The first thing is the updated JL Audio Fathom subwoofers. I’ve reviewed a lot of subwoofers, but never one of the Fathom models. I know lots of people with them so I have heard them in action and know what they can do. The V2 adds a little bit more power but more importantly an entirely new EQ system. The old models use a single band of analog EQ while the V2 is all-digital and offers 18 bands. This enabled you to get much flatter response from your room than was possible before. The overall gain is also adjusted after calibration so you can turn it on and off and easily hear the difference. Their demo with a pair of Magico S3s showed how much even that speaker can benefit from a subwoofer. The f113 v2 won’t be out until April, and will retail for $4,500, but I really want to see what it can do.
Parasound showed their upcoming Halo Integrated unit.
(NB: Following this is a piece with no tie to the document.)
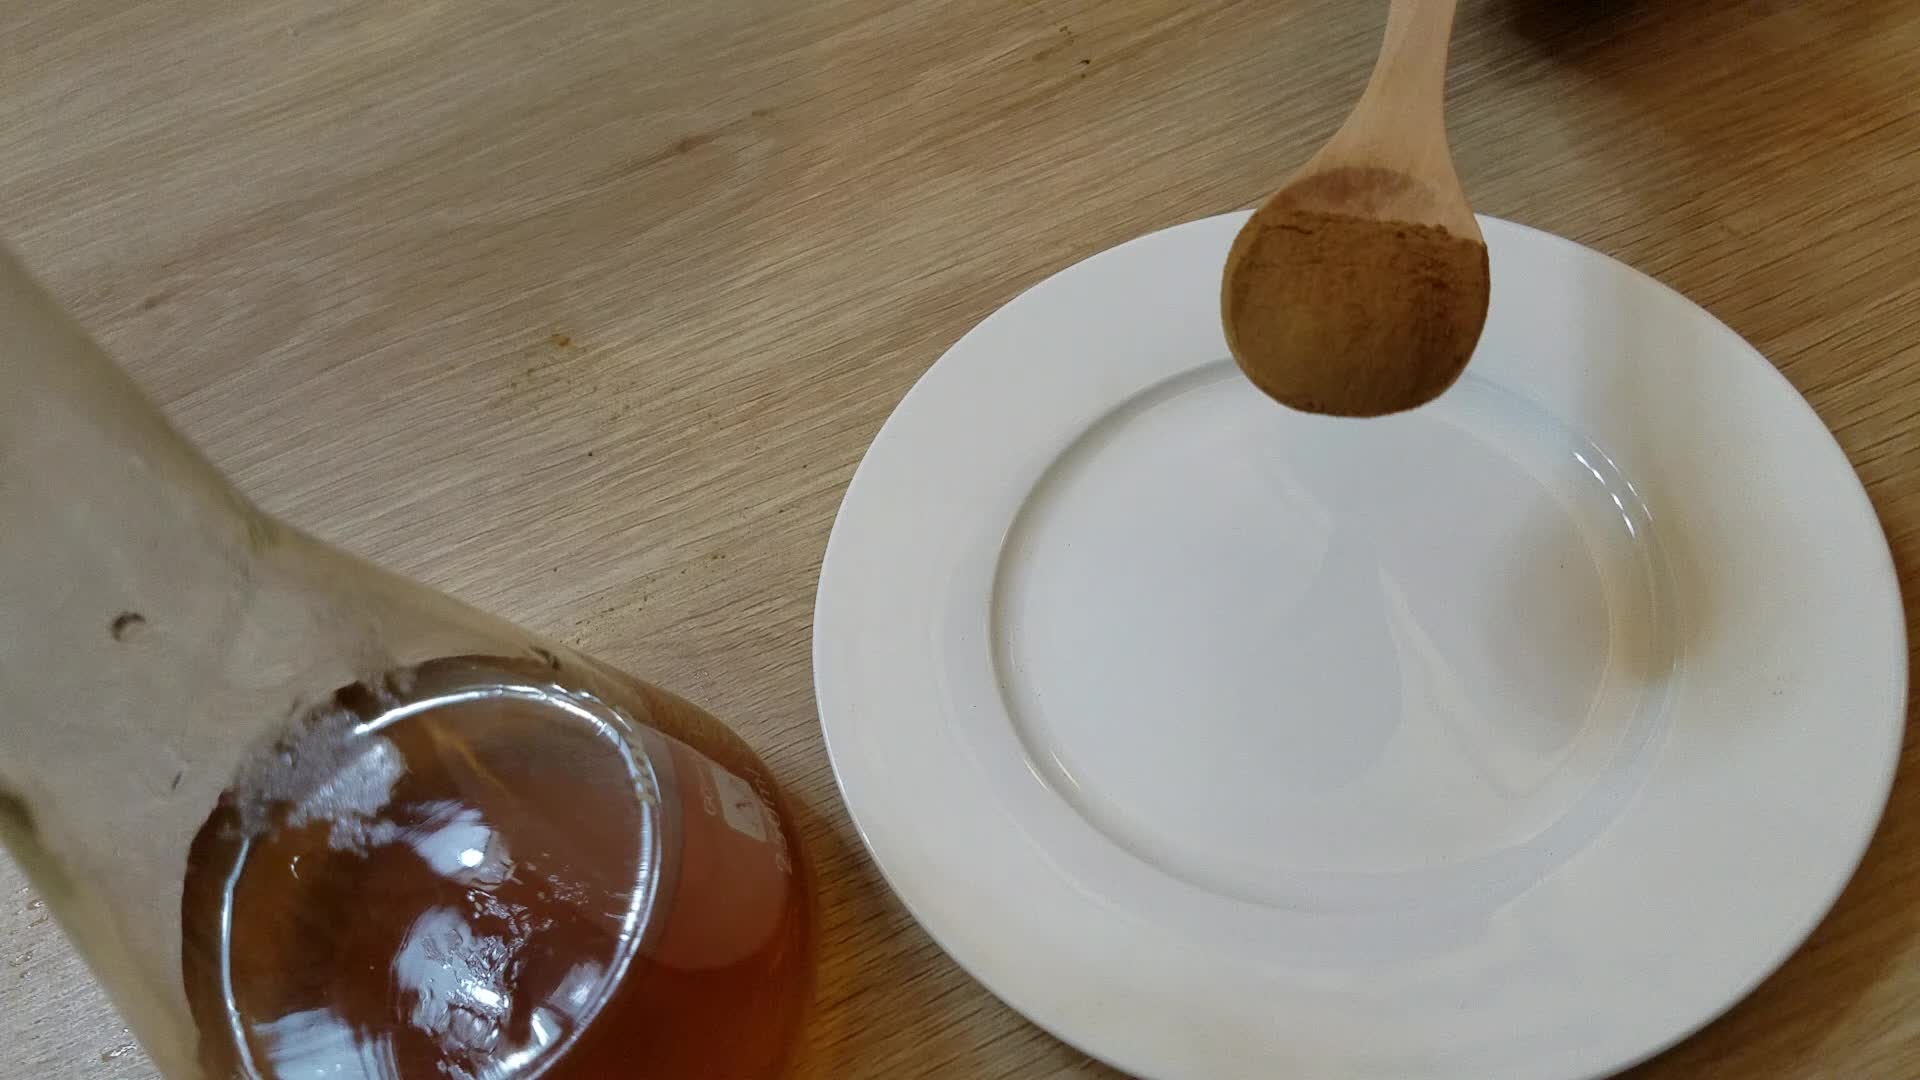 Fonte direta da fábrica natural extrato de pueraria puerarin 40% em pó a granel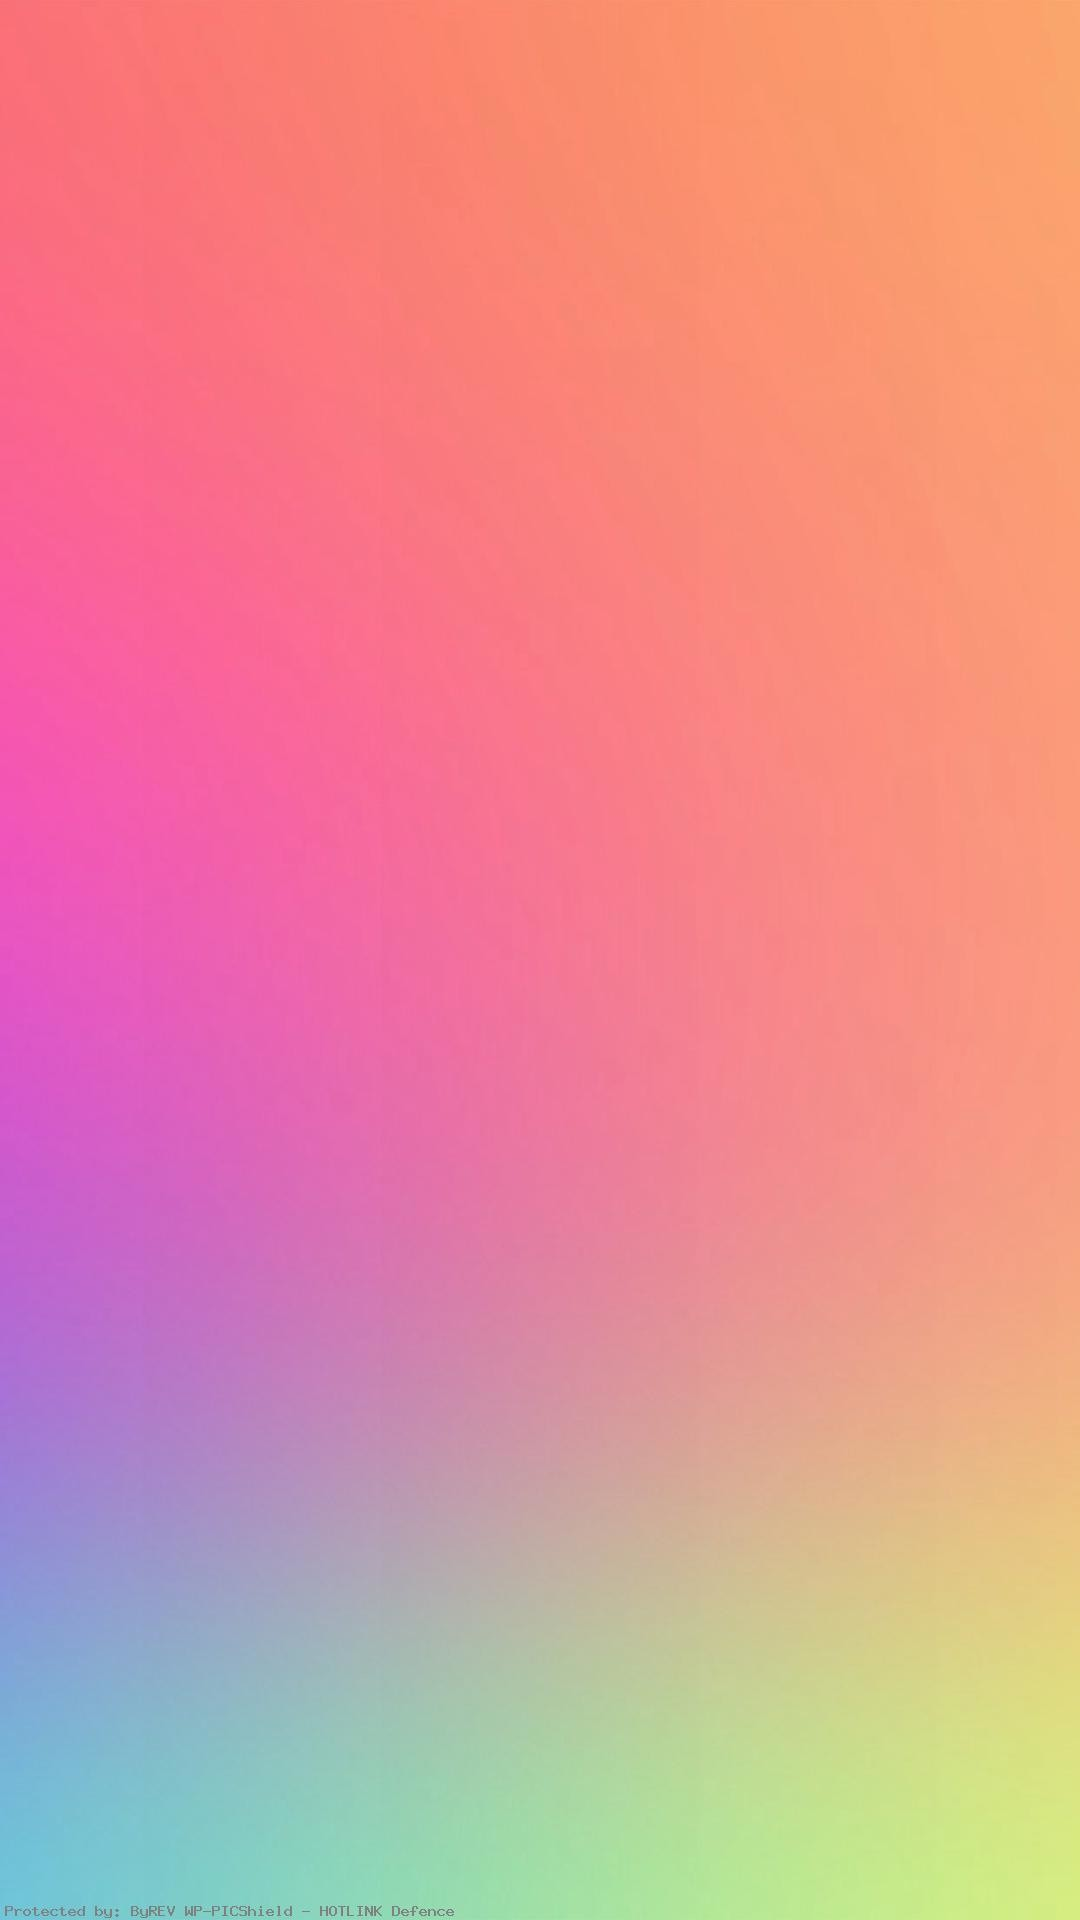 Orange-Sunshine-Gradation-Blur-iPhone-wallpaper-wp60010674

Based on their P5 preamp design, it adds a 160 watt per channel stereo amp (240 watts into 4 ohms) by John Curl. Combined with a 24/192 DAC, a phono preamp with MM and MC toggles, and the ability to work with a home theater processor it is a 21st century integrated amp. The surprising thing to me is that the headphone amp uses a 3.5mm jack but they told me most people with 6.3mm headphones have their own headphone amp already. The Halo Integrated will be out later this year and priced around $2,500.
Finally, I want to see the Epson laser projector. It is only 1080p but that really doesn’t bother me at all. 1500 lumens with a wide color gamut, ISFccc controls, a motorized lens with 10 memories, and deep blacks is all I really need. 30,000 hours of laser life means I can use it until well after my kids are in college and can hand it down to them. It will need to beat the JVC X700 at that price, which is really hard to do, but I am hoping they can.